→ **DESCRIPTION OF THE TASK**: Transcribe the listing below exactly, leaving out each image.

━━━ INFORMATION SUPPLIED

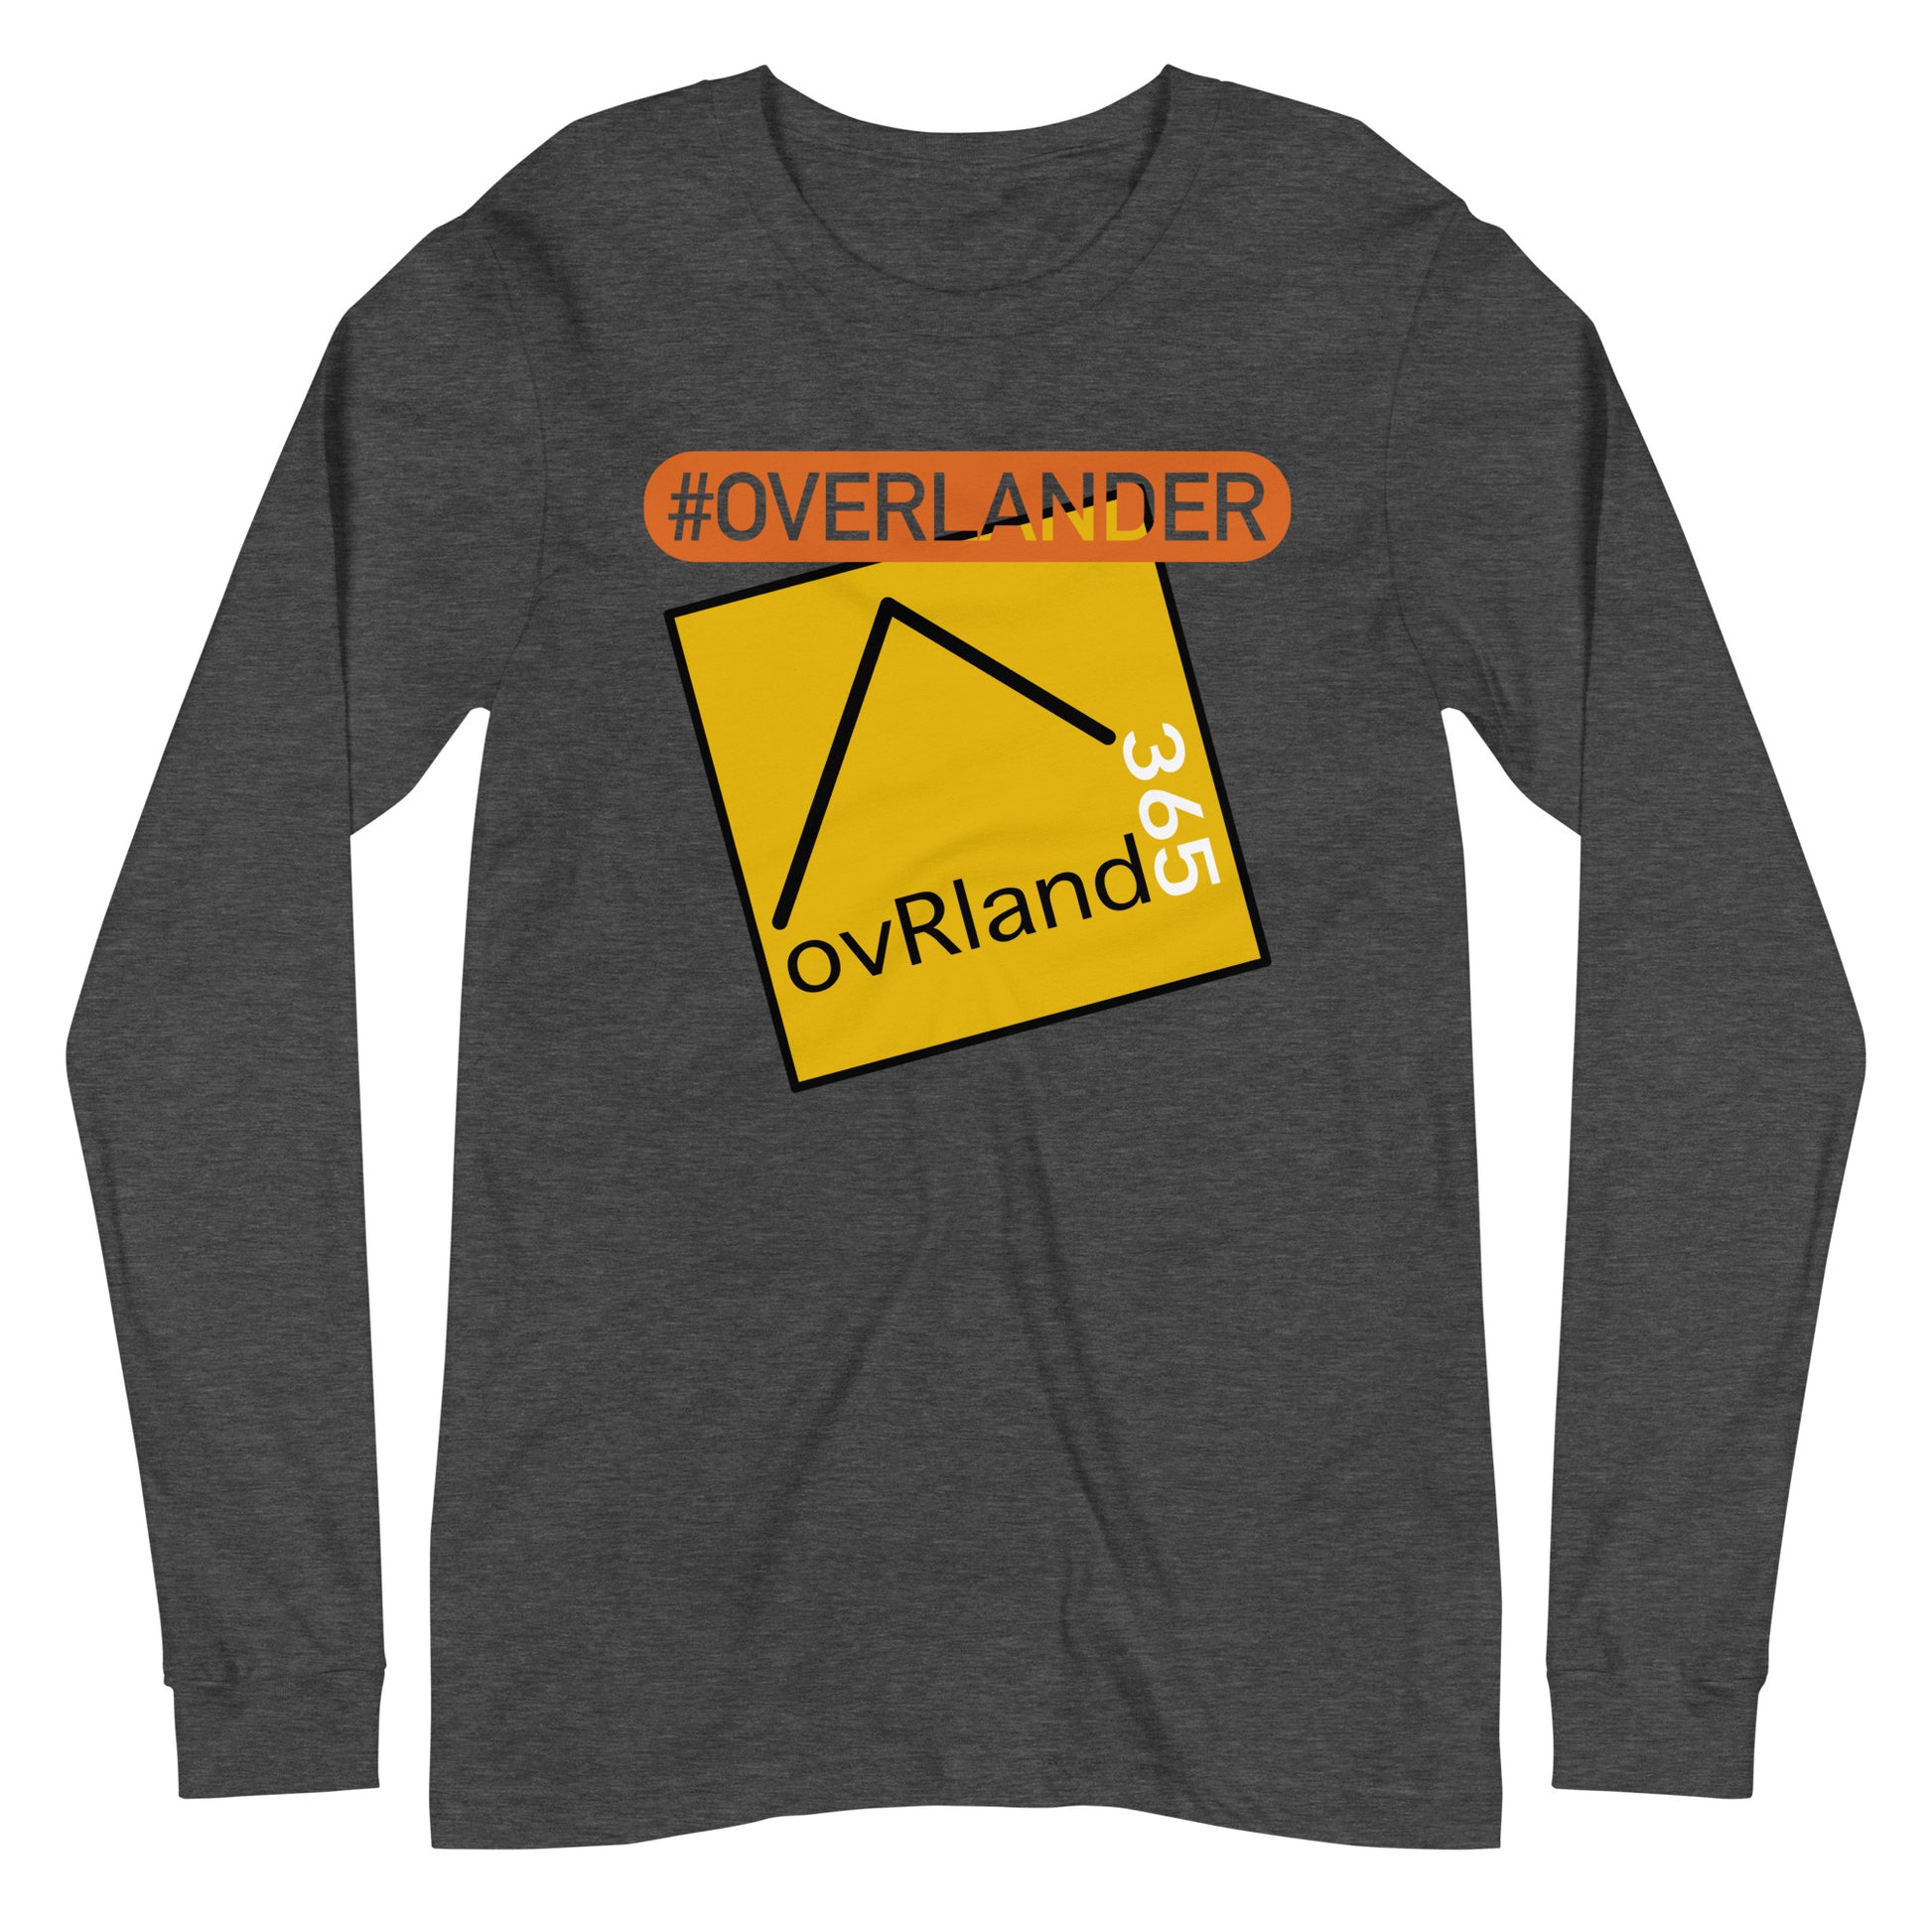 #overlander overlanding long-sleeve, dark grey. overland365.com
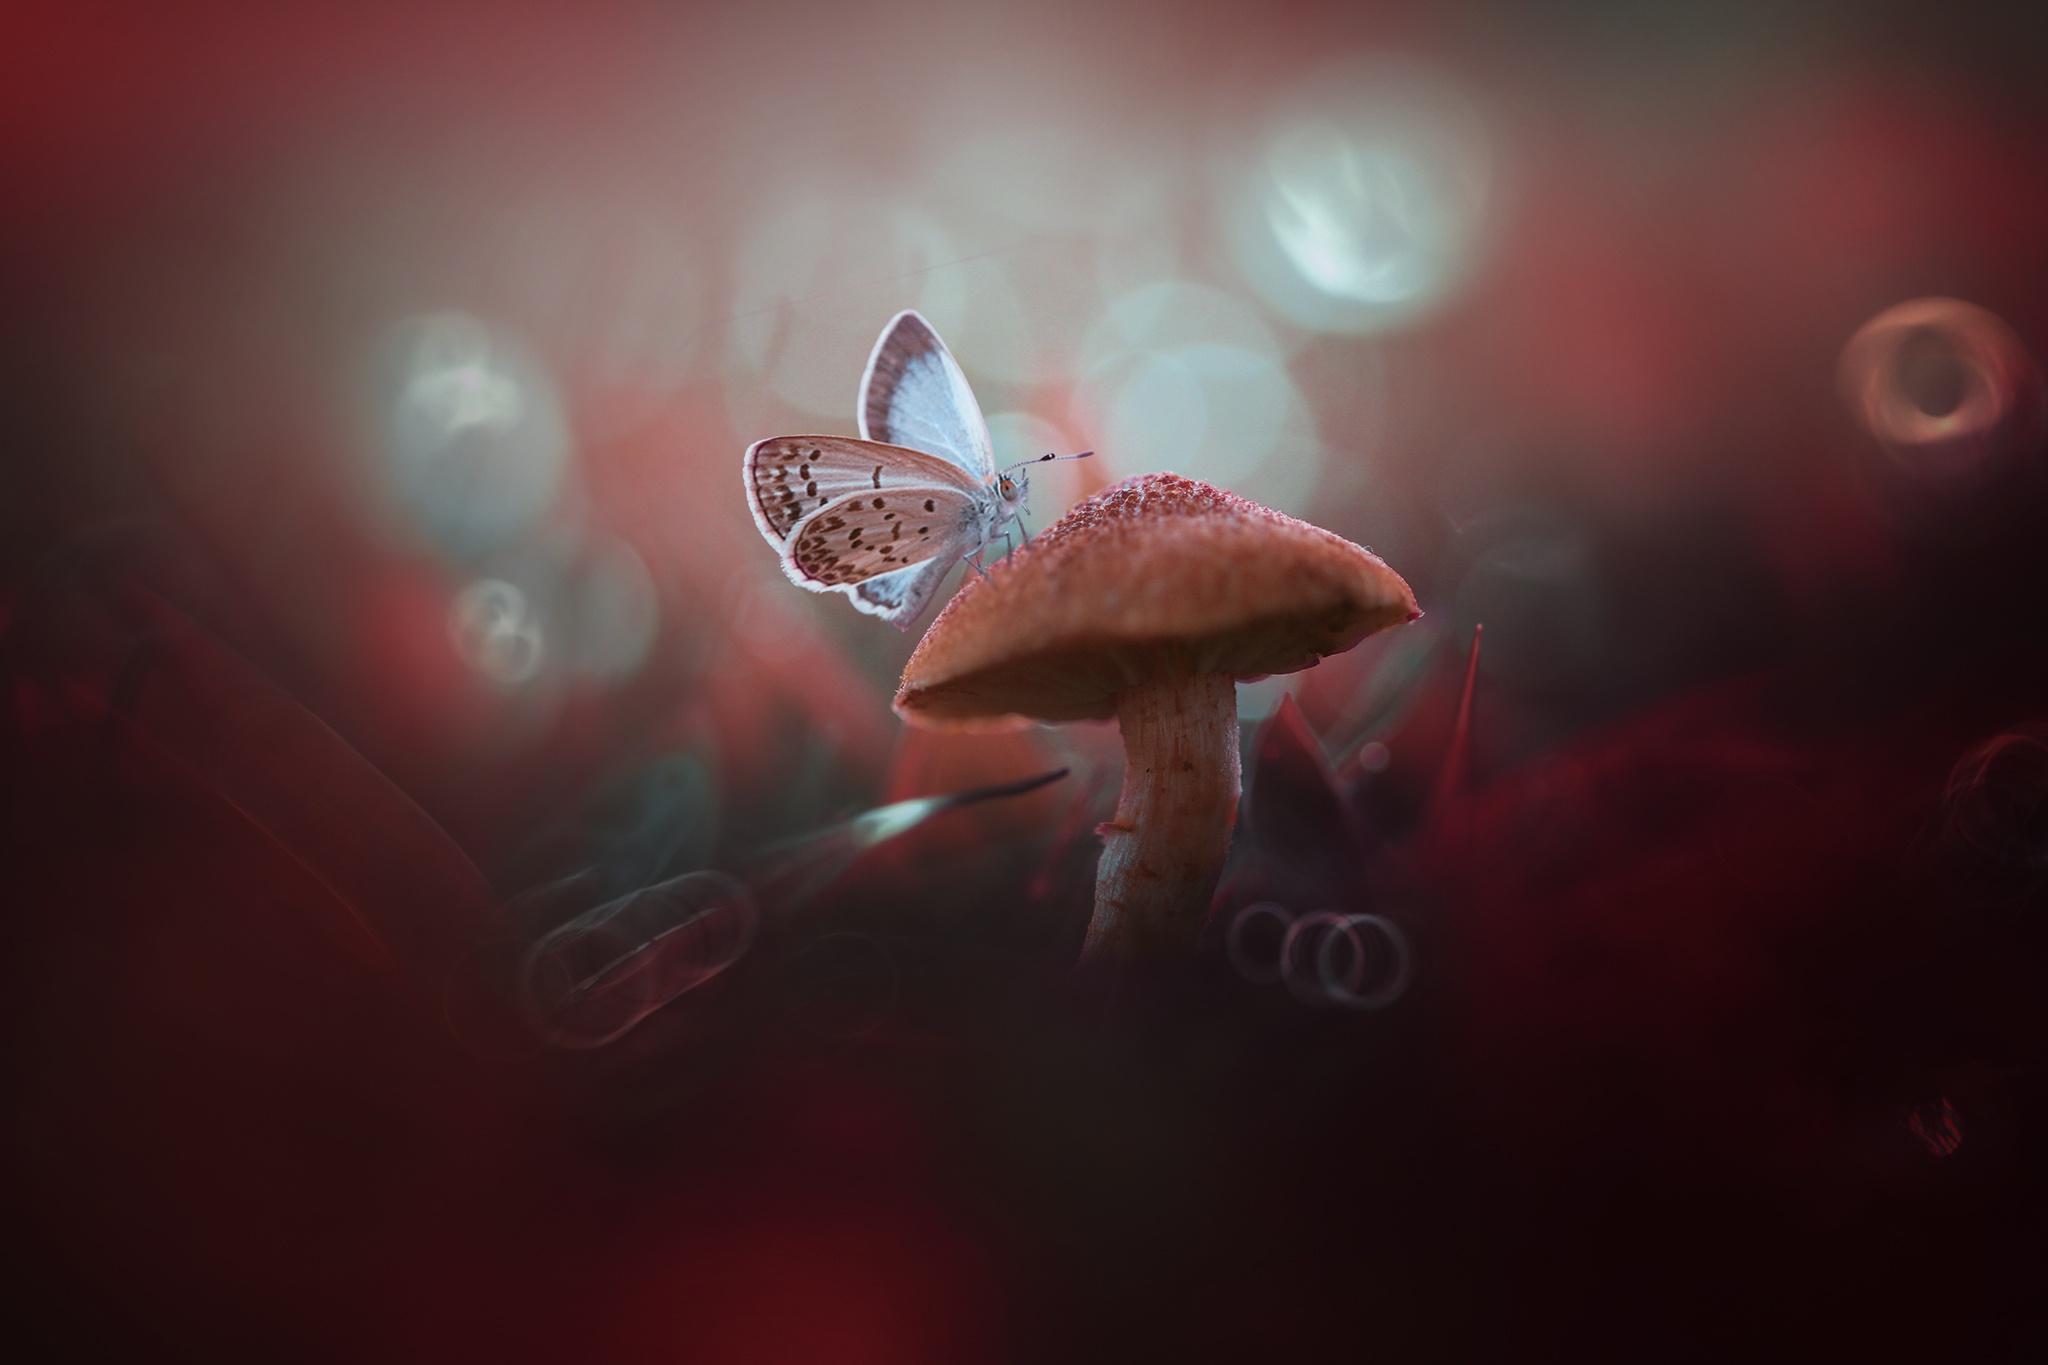 General 2048x1365 animals butterfly mushroom insect closeup digital art
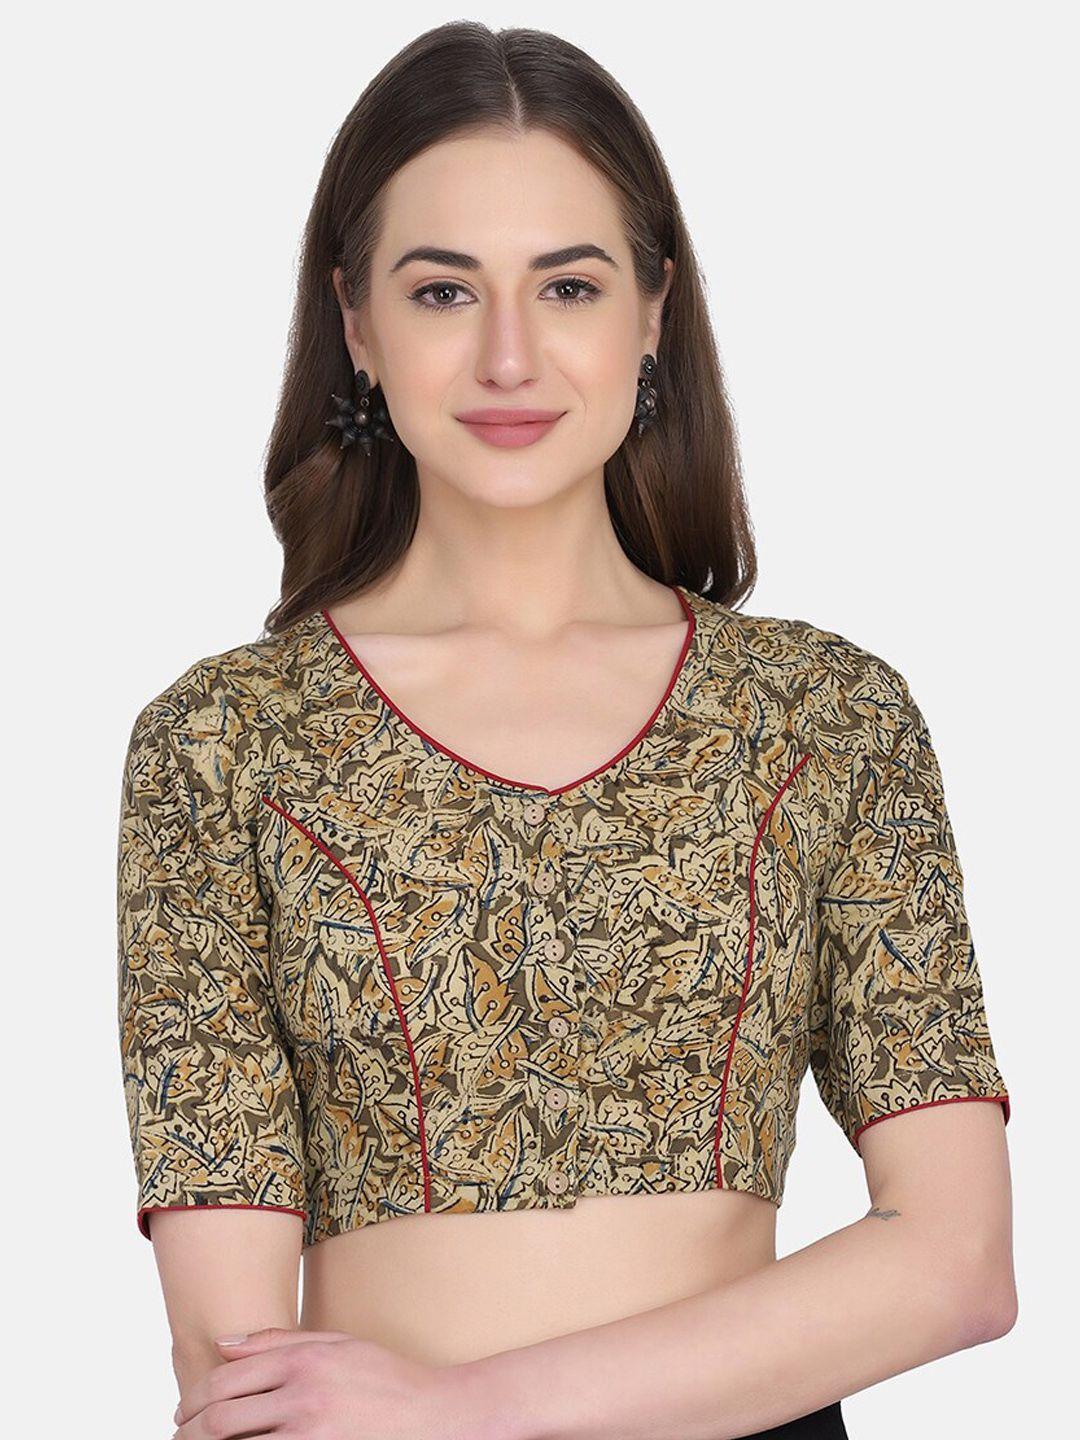 the-weave-traveller-women-brown-kalamkari-printed-cotton-non-padded-readymade-saree-blouse

━━━━━━

→ **YOUR SOLUTION**:
 #overlander overlanding long-sleeve, dark grey. overland365.com
 General 2048x1365 animals butterfly mushroom insect closeup digital art
 the-weave-traveller-women-brown-kalamkari-printed-cotton-non-padded-readymade-saree-blouse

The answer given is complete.